Sir Henry Percy Harris KBE (8 September 1856 - 23 August 1941) was a British Conservative Party politician who served first on the London County Council, and then as a Member of Parliament.

Henry Percy Harris was born on 8 September 1856, the son of Sir George David Harris, a member of the London County Council from its creation on January 1889. Henry Harris was educated at Eton College and Christ Church, Oxford University, before qualifying as a barrister in 1881.
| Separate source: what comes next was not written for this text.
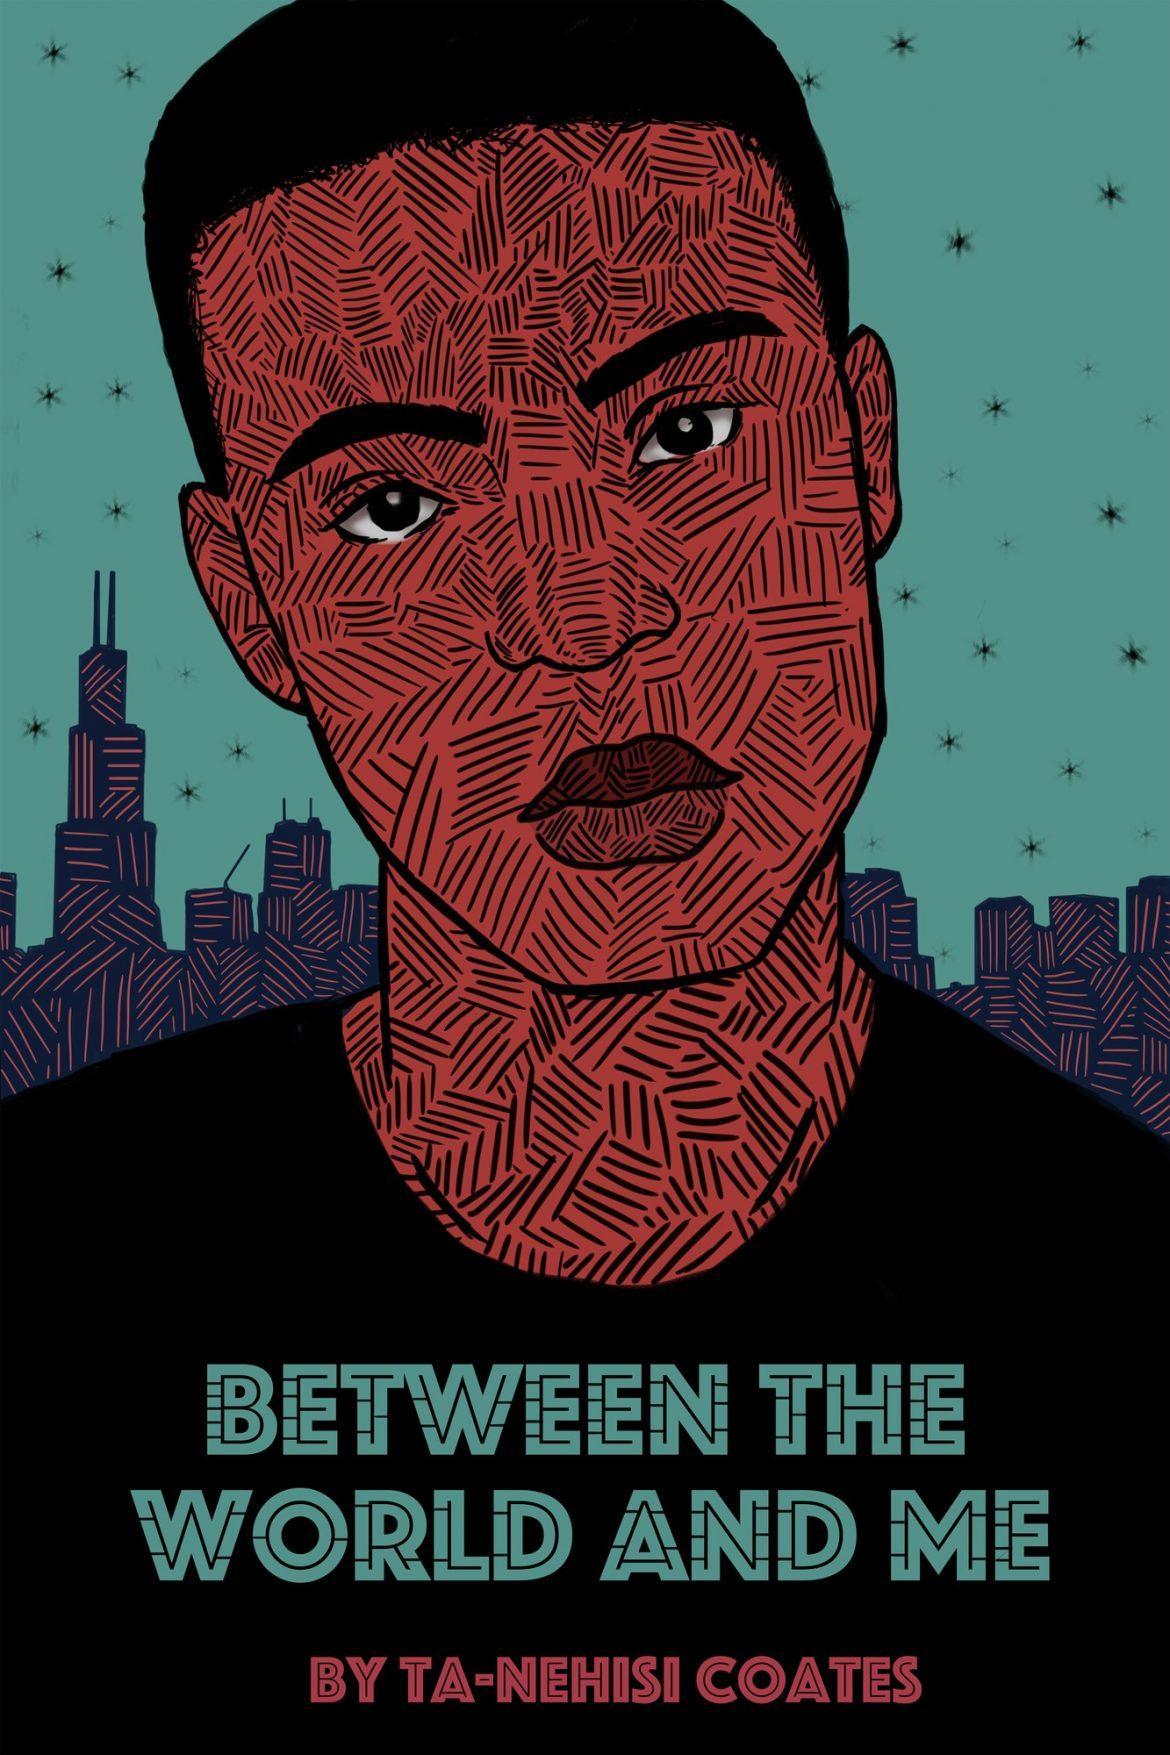 Illustration+shows+a+man+wearing+a+black+shirt+and+the+words%2C+Between+the+world+and+me+by+Ta-Nehisi+Coates

Like his father, Henry Harris served on the London County Council, he representing Paddington from 1892 to 1910. He was deputy chairman of the Council between 1898–1899 and chairman between 1907–1908. He was among the Council group allied to the Conservative Party, first known as the Moderate Party then, from 1906, the Municipal Reform Party. From 1904 he led the group and later became chairman of the related London Municipal Society.

Harris was elected as Conservative and Unionist Member of Parliament (MP) for Paddington South at the general elections of January and December 1910. In the 1918 general election he stood as a Conservative supporter of David Lloyd George's coalition Government and was re-elected unopposed. He then retired from Parliament and did not contest the 1922 general election.

In 1917 he was made a Knight Commander (KBE) of the Order of the British Empire for his services as Chairman of the London War Pensions Committee.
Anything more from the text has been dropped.